The Enforcement Directorate (ED) and the Veron Aluminium Pvt. Ltd. Case: Unraveling a Large-Scale Financial Fraud
The Enforcement Directorate (ED) has made significant strides in the money laundering case involving Veron Aluminium Pvt. Ltd. (VAPL), reflecting a determined effort to recover lost assets for financial institutions. The ED’s Mumbai Zonal Office is in the process of restoring immovable assets valued at ₹55.85 crore, based on 2021 valuations, back to the State Bank of India (SBI). These properties were provisionally attached under Section 5 of the Prevention of Money Laundering Act (PMLA).
Context: The ED’s Findings
The unfolding narrative of the VAPL case is one of deception at multiple levels. A detailed investigation by the ED revealed that VAPL and its associated entities engaged in a complex bank fraud scheme, siphoning enormous amounts of money for personal gain. This scheme involved deliberate misrepresentations and manipulation of financial processes, leading to staggering losses for several banks.
ED Probe Triggered by CBI FIR
The catalyst for the ED’s investigation was a series of FIRs registered by the Central Bureau of Investigation (CBI), specifically at the Bank Securities and Fraud Cell (BS&FC) in Mumbai. Allegations surfaced indicating substantial fiscal loss, with the Bank of India bearing a loss of ₹293.74 crore, and SBI facing a loss of ₹401.25 crore, summing up the total bank fraud to over ₹695 crore.
A pivotal component of the fraud, as highlighted in the CBI’s charge sheet, involved a manual Letter of Credit (LC) of ₹300 crore issued by Canara Bank on behalf of VAPL. The Bank of India, operating on the basis of fraudulent documentation, discounted this letter without applying the necessary due diligence.
Rolling LC Mechanism Uncovered
The ED’s investigative efforts brought to light a sophisticated maneuver dubbed the ‘rolling LC mechanism.’ This intricate game played with letters of credit turned out to be pivotal in perpetuating the fraud.
- New LCs were regularly opened to offset the outstanding previous LCs.
- This cyclical process involved VAPL, VIPL (another group company), and several shell companies.
- The overarching goal of this arrangement was to mask actual liabilities, reduce cash credit (CC) utilization artificially, and present a misleadingly inflated balance sheet.
What initially appeared to be standard commercial dealings belied a more pernicious structure designed to facilitate financial impropriety and laundering of illicit funds. As a response to these alarming findings, the ED issued two provisional attachment orders, freezing immovable assets valued at ₹179.27 crore.
Section 8(8) PMLA: Safeguarding Rights of Legitimate Claimants
Section 8(8) of the PMLA plays a crucial role in the broader context of financial crime investigations.
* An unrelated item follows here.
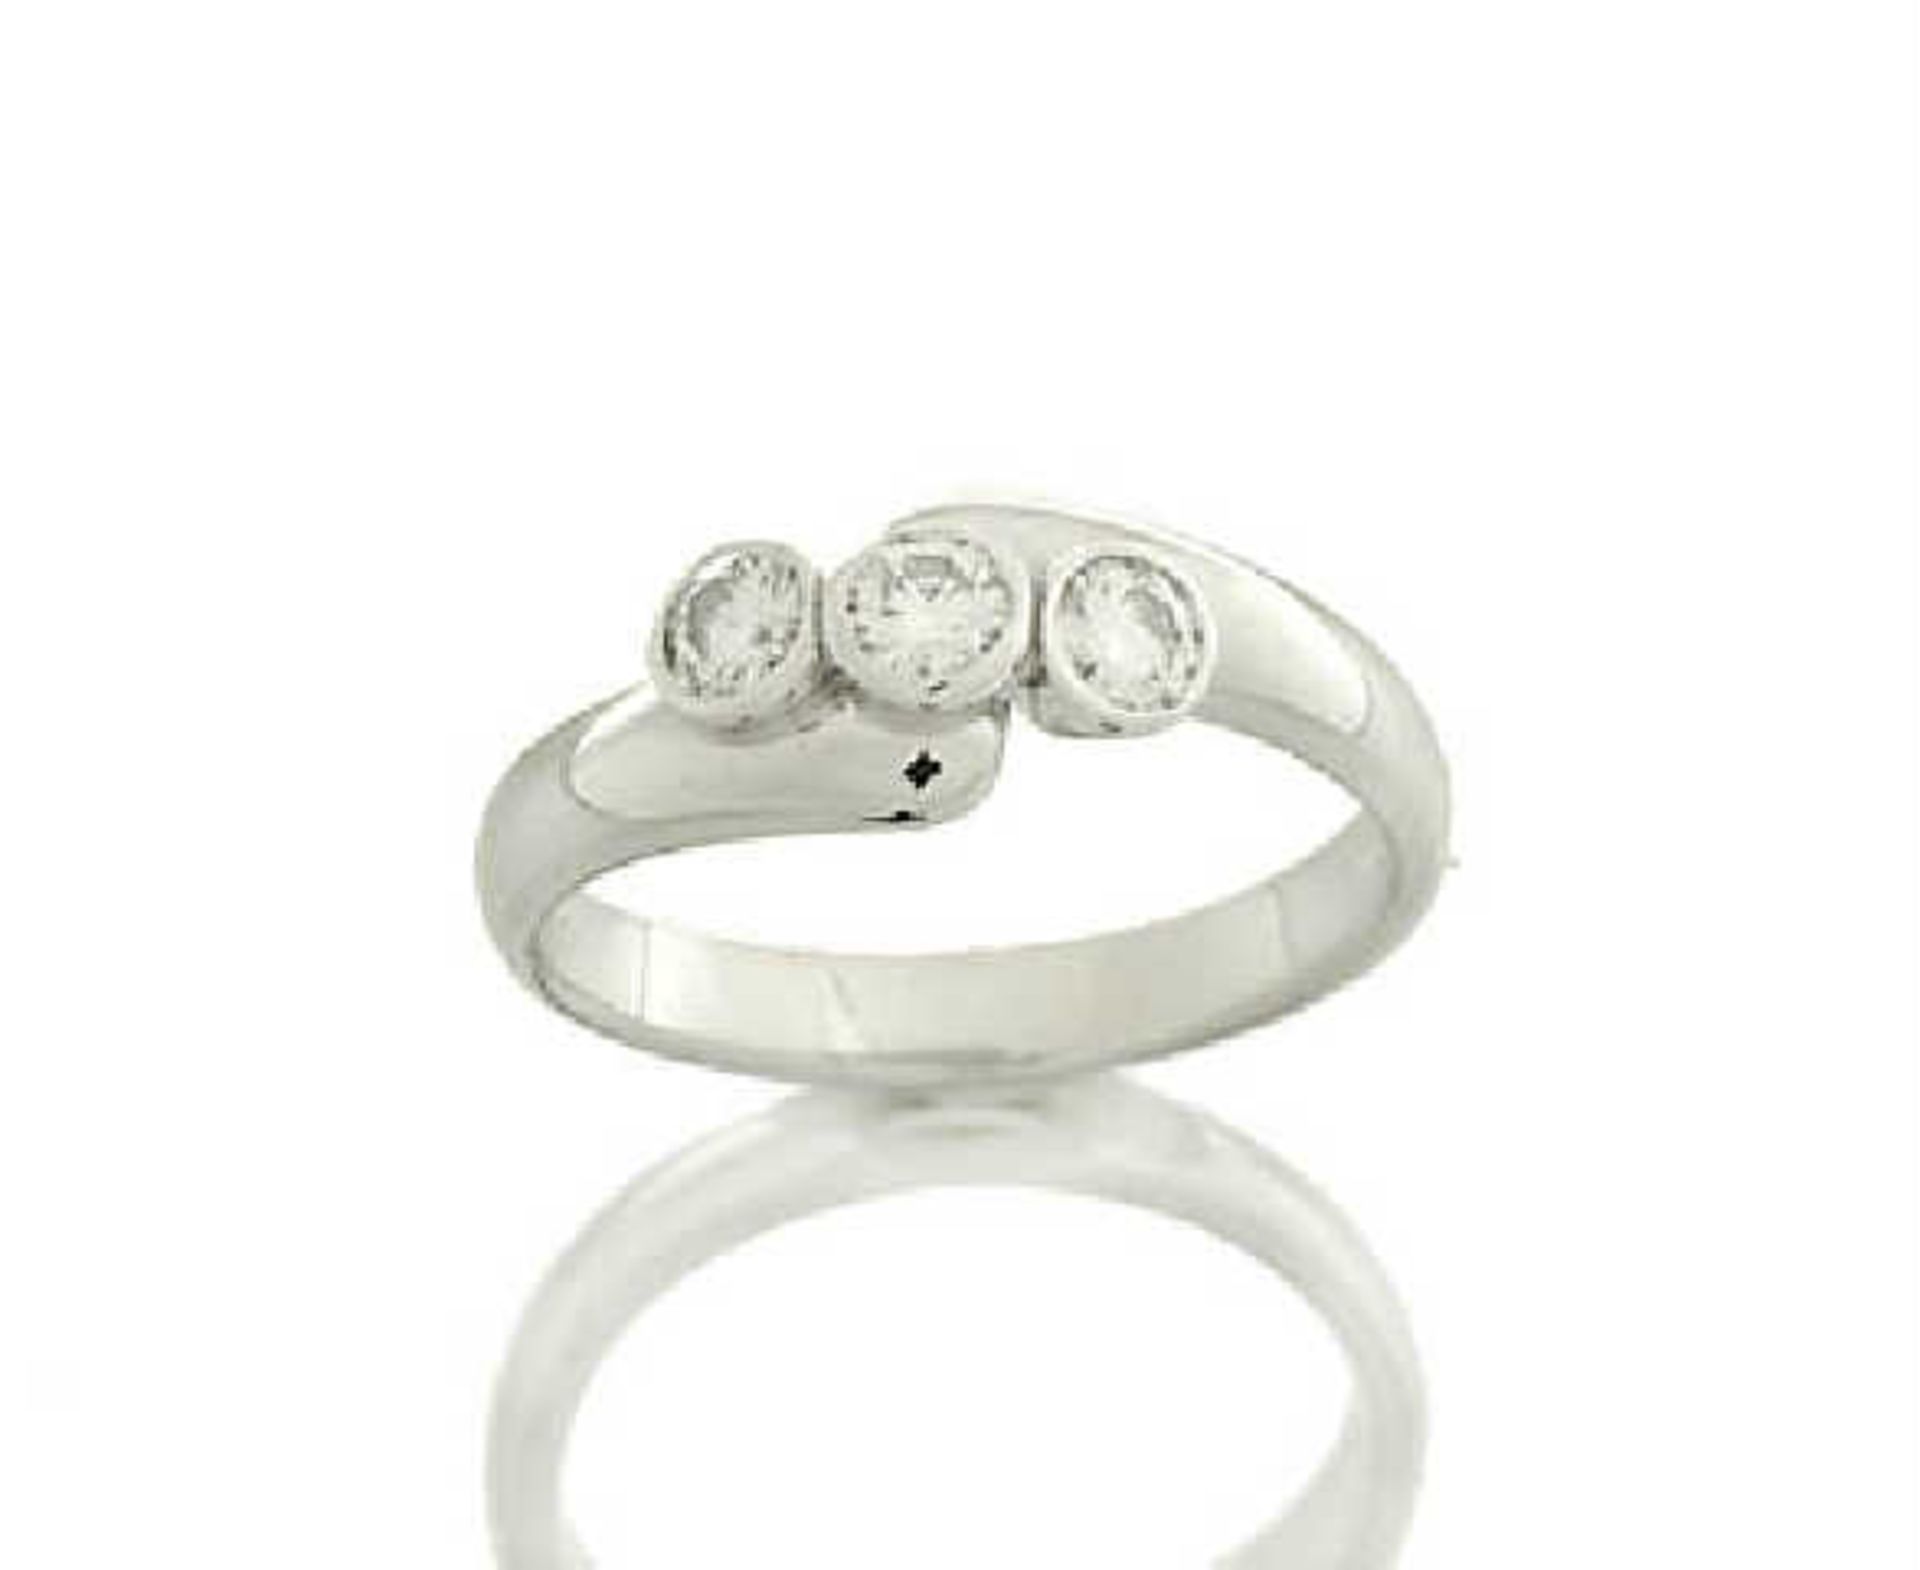 18CT WHITE GOLD THREE STONE RING, RUB-OVER SET WITH DIAMONDS WEIGHING +0.42CT - Image 2 of 2

It ensures that assets tied to criminal activities but legitimately owned by innocent parties can be returned to their rightful owners. The ED has taken a proactive stance in urging banks and financial entities to present claims for the restoration of properties attached amid money laundering investigations.
SBI Files Restoration Plea
Following this guidance from the ED, SBI took action and filed a formal application with the Special PMLA Court in Mumbai under Section 8(8). The bank sought the restoration of three immovable properties, collectively valued at ₹55.85 crore, based on assessments from 2021.
ED Supports Claim; Court Orders Restoration
During the legal proceedings, the ED showcased its support for SBI’s restoration claim by submitting a favorable affidavit. On September 26, 2025, the Special PMLA Court in Mumbai accepted SBI’s application, issuing a directive for the restoration of the attached properties back to SBI.
- Restoration of three immovable properties.
- Total value of these properties stands at ₹55.85 crore.
- The assets are being returned to State Bank of India.
This decision is being viewed as a landmark development, bolstering institutional confidence and providing essential relief to banks that have suffered from vast financial crimes.
A Case of Wider Significance
The implications of this ruling extend beyond the immediate case, carrying considerable significance for the banking sector as a whole.
- Reinforcement of Restoration Mechanism: This case emphasizes the importance of the restoration mechanism under PMLA in large-scale bank fraud instances.
- Seriousness of ED’s Pursuits: It illustrates the ED’s commitment to recovering losses incurred by victim institutions through diligent legal actions.
- Encouragement for Other Banks: The court’s ruling may motivate more banks to file claims regarding attached properties.
The Veron Aluminium case exemplifies the misuse of letters of credit, layered financial transactions, and structural fraud. The collaborative actions taken by the ED and CBI have been pivotal in dismantling the fraudulent scheme and shining a light on its expansive nature.
With this decision, a precedent has been established that may very well guide similar high-stakes bank fraud cases in the future, offering clarity and direction for institutions seeking restitution for their losses.